Sedangkan kelompok Teman Ahok, yang dari awal mengklaim mendukung Ahok maju lewat jalur independen dengan target mengumpulkan 1 juta KTP, adalah alat politik untuk memanipulasi dukungan rakyat dan menjadi alat mengangkat posisi tawar kepada parpol.
"Teman Ahok itu kan hanya strategi untuk mengelabui dukungan publik terhadapnya. Dia dari awal pasti ingin maju dari parpol karena jalur parpol adalah jalur yang paling aman," kata pakar hukum tata negara dari Universitas Parahyangan Bandung, Asep Warlan Yusuf, ketika dihubungi wartawan, Kamis (28/7).
Dia yakin Teman Ahok dibentuk bukan untuk memenangkan Ahok, melainkan memenangkan dukungan partai politik. Karena itu, ketika dukungan dari parpol itu sudah didapat maka selesai sudah tugas teman Ahok.
Dia mengatakan, Ahok justru terlihat bodoh jika dukungan dari parpol telah didapatkan tapi tetap maju sebagai calon independen. Alasannya, bagaimanapun juga jika ia terpilih menjadi Gubernur akan membutuhkan dukungan DPRD yang tidak lain kaki tangan parpol.

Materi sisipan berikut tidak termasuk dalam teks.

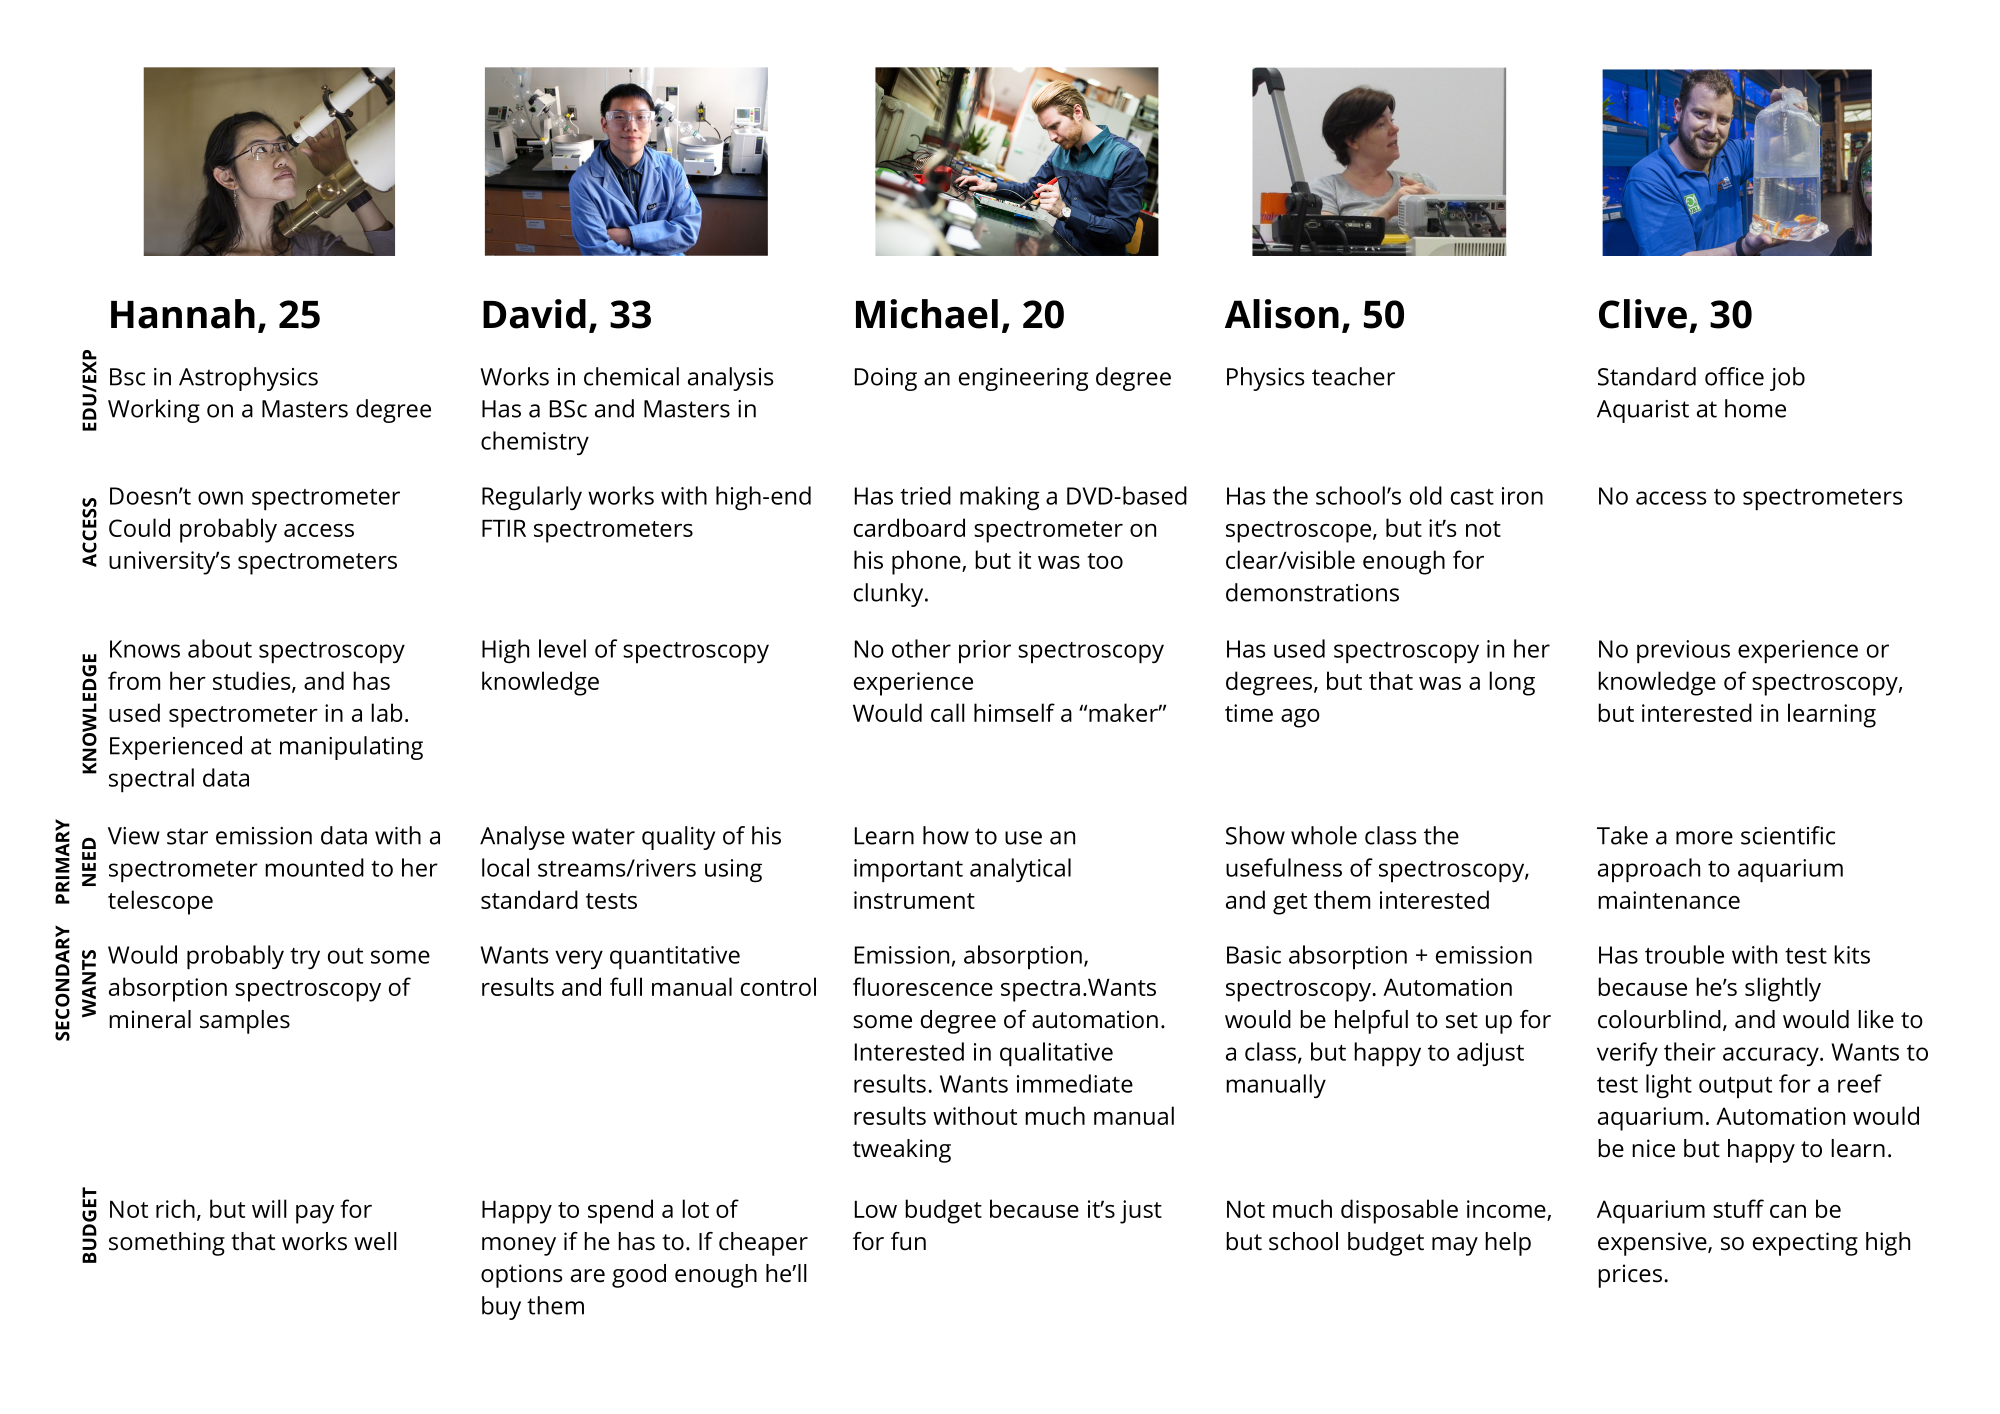 A page of 5 user personas, showing their background, wants/needs and budget

"Belum lagi persoalan verfikasi dukungan, berat bagi Ahok maju sebagai calon perorangan. Kalau dia maju sebagai calon perorangan, bisa jadi malah parpol kompak menyerang balik dan kasus-kasus yang menyebut namanya justru akan didorong. Bukannya jadi gubernur, Ahok malah jadi tersangka," tutur Asep.
Selain itu, Asep menyayangkan rusaknya tatanan demokrasi dalam proses Pilkada DKI ini. Gambaran demokrasi di DKI sudah tidak sehat, tidak produktif, dan nilai demokrasi luluh lantak akibat ulah Ahok dan para pendukungnya.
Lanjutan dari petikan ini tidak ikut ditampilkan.